Question

A simple random sample of size n is drawn. The sample mean, x, is found to be 35.1, and the sample standard deviation, s, is found to be 8.7

• a) Construct a 90% confidence interval for μ if the sample size, n, is 100.

• b) Construct a 90% confidence interval for μ if the sample size, n, is 40. How does decreasing the sample size affect the margin of error, E?

• c) Construct a 96% confidence interval for μ if the sample size, n, is 40. How does increasing the level of confidence affect the margin of error, E?

• d) If the sample size is n = 25, what conditions must be satisfied to compute the confidence interval?

Answer 1

Part a)

Confidence Interval
X̅ ± t(α/2, n-1) S/√(n)
t(α/2, n-1) = t(0.1 /2, 100- 1 ) = 1.66
35.1 ± t(0.1/2, 100 -1) * 8.7/√(100)
Lower Limit = 35.1 - t(0.1/2, 100 -1) 8.7/√(100)
Lower Limit = 33.6558
Upper Limit = 35.1 + t(0.1/2, 100 -1) 8.7/√(100)
Upper Limit = 36.5442
90% Confidence interval is ( 33.6558 , 36.5442 )
Margin of Error = t(α/2, n-1) S/√(n) = 1.4442

Part b)

Confidence Interval
X̅ ± t(α/2, n-1) S/√(n)
t(α/2, n-1) = t(0.1 /2, 40- 1 ) = 1.685
35.1 ± t(0.1/2, 40 -1) * 8.7/√(40)
Lower Limit = 35.1 - t(0.1/2, 40 -1) 8.7/√(40)
Lower Limit = 32.7821
Upper Limit = 35.1 + t(0.1/2, 40 -1) 8.7/√(40)
Upper Limit = 37.4179
90% Confidence interval is ( 32.7821 , 37.4179 )
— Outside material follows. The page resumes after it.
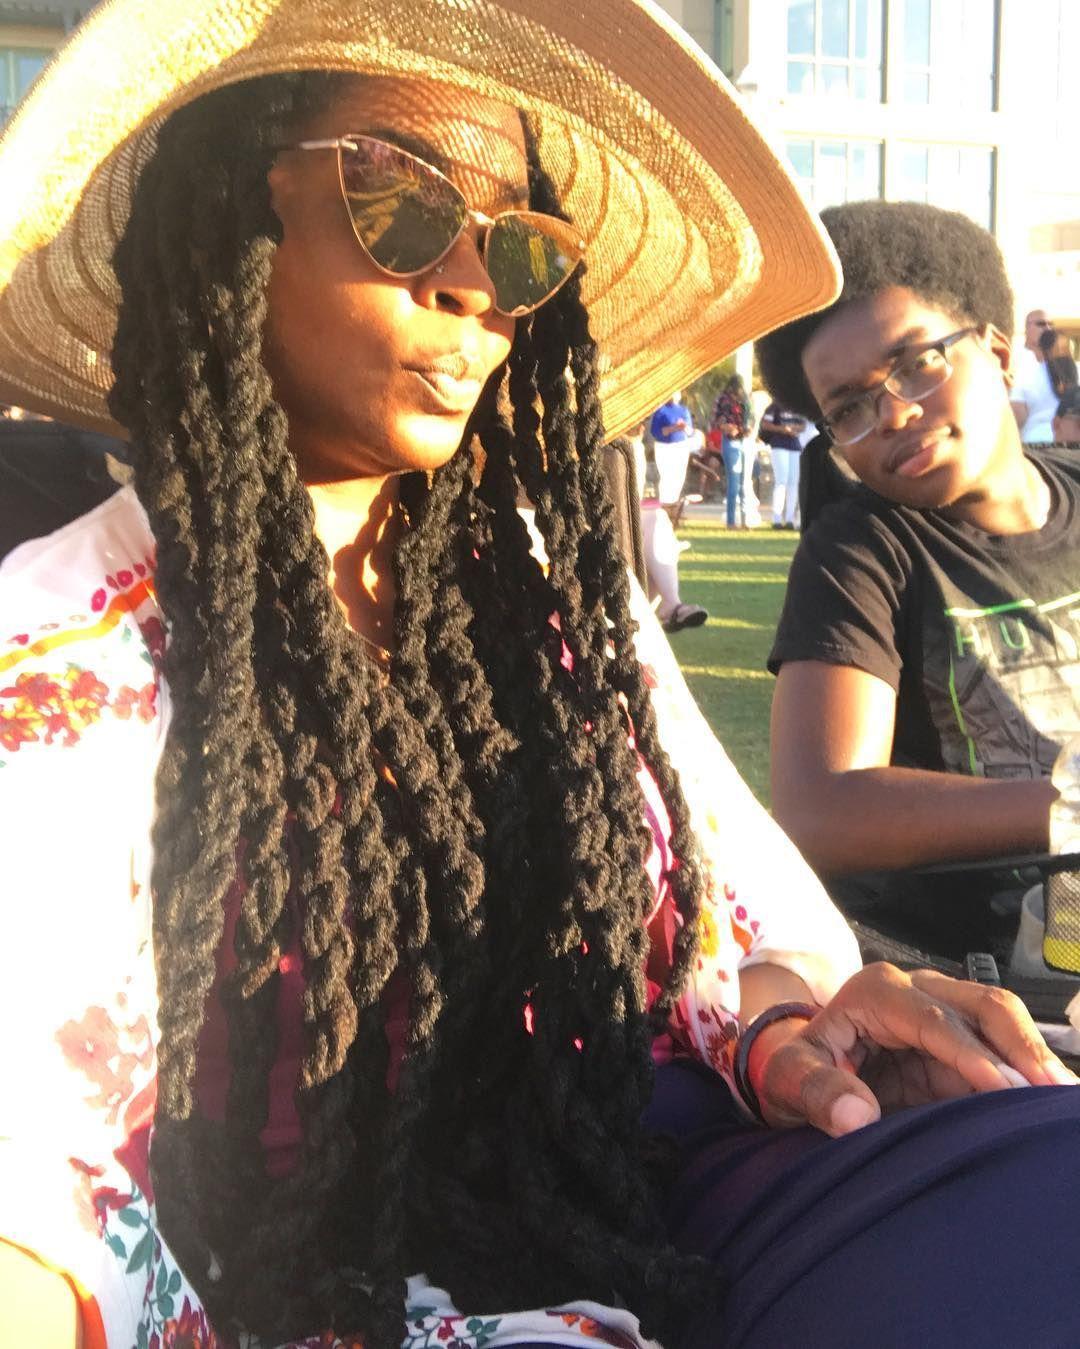 Sunshine and dreadlocks #aboutlastnight #potd #beachfun #virginiabeach #ootd #dreads #iamlocd #womenwithlocs #locs #longhairdontcare #dreadhead #allnatural #naturalhair #nomakeup #foe #family #virginiaisforlovers #summer @sunglassspot

Margin of Error = t(α/2, n-1) S/√(n) = 2.3179

As sample size decreases, margin of error increases.

part c)

Confidence Interval
X̅ ± t(α/2, n-1) S/√(n)
t(α/2, n-1) = t(0.04 /2, 40- 1 ) = 2.125
35.1 ± t(0.04/2, 40 -1) * 8.7/√(40)
Lower Limit = 35.1 - t(0.04/2, 40 -1) 8.7/√(40)
Lower Limit = 32.1769
Upper Limit = 35.1 + t(0.04/2, 40 -1) 8.7/√(40)
Upper Limit = 38.0231
96% Confidence interval is ( 32.1769 , 38.0231 )

Margin of Error = t(α/2, n-1) S/√(n) = 2.9231

As level of confidence level decrease, margin of error increases.

Part d)

For confidence interval, one should consider large sample size, but if population is normally distributed then smaller sample size is also consider.